La escenografía se construye desde la sencillez cargada de sentido. Vasijas, manteles, flores, velas, sillas y totumas activan los espacios del hogar, el ritual y el duelo. Con pocos elementos y transiciones corporales, la escena muta de la mina al cuarto, del velorio al camino, de la casa al territorio. El Río de guaduas y la atmósfera de Chigorodó aparecen como cierre poético, como territorio vivo que abraza la memoria.
La musicalización sostiene el carácter ritual de la obra. El bullerengue es eje y columna sonora, acompañado de paisajes de respiraciones, pasos, susurros, cantos y golpes de tambor. La música acompaña cada estación del relato: el dolor, la ausencia, la aparición, la protección y la celebración, reforzando la raíz afro y el carácter interdisciplinar de la puesta en escena.
En el movimiento, la obra transita entre la danza tradicional y la danza afrocontemporánea como lenguajes de identidad y resistencia. El teatro físico permite narrar el conflicto interno, el duelo y las apariciones, mientras la ritualidad escénica —el coro comunitario, los gestos de cuidado y los símbolos de tránsito entre vida y muerte— construyen una experiencia colectiva.
Camino al Matronaje es una obra profundamente interdisciplinar: danza, bullerengue, teatro físico, ritual y memoria testimonial se entrelazan para crear una narrativa que va de lo íntimo a lo colectivo. La dramaturgia se organiza como un camino: origen del dolor, ruptura, persistencia, mandato, fractura social, respuesta ética, migración, fundación de vida, continuidad del linaje y cierre poético de homenaje.

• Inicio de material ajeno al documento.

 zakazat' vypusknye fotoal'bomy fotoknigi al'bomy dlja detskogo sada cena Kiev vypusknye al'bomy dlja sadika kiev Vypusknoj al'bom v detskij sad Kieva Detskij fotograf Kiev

Este proceso creativo se fortaleció gracias a la participación de Son Candela en la residencia artística A Pie Pelao de la Fundación Casa Tumac, con el apoyo de los Centros de Danza y Movimiento del Ministerio de las Culturas, las Artes y los Saberes. Las asesorías estuvieron a cargo de Shirly Caicedo Pacheco y se enfocaron principalmente en la puesta en escena. Una de las observaciones más significativas fue la necesidad de dar mayor presencia a las mujeres que acompañan el primer cuadro en la mina, fortaleciendo el sentido de sororidad, solidaridad y complicidad entre mujeres, y ampliando el valor simbólico del trabajo colectivo frente al solo inicial.
Camino al Matronaje no es solo una obra: es un acto de memoria viva, un ritual escénico donde el cuerpo recuerda, honra y nombra a quienes sostienen la vida incluso cuando todo arde.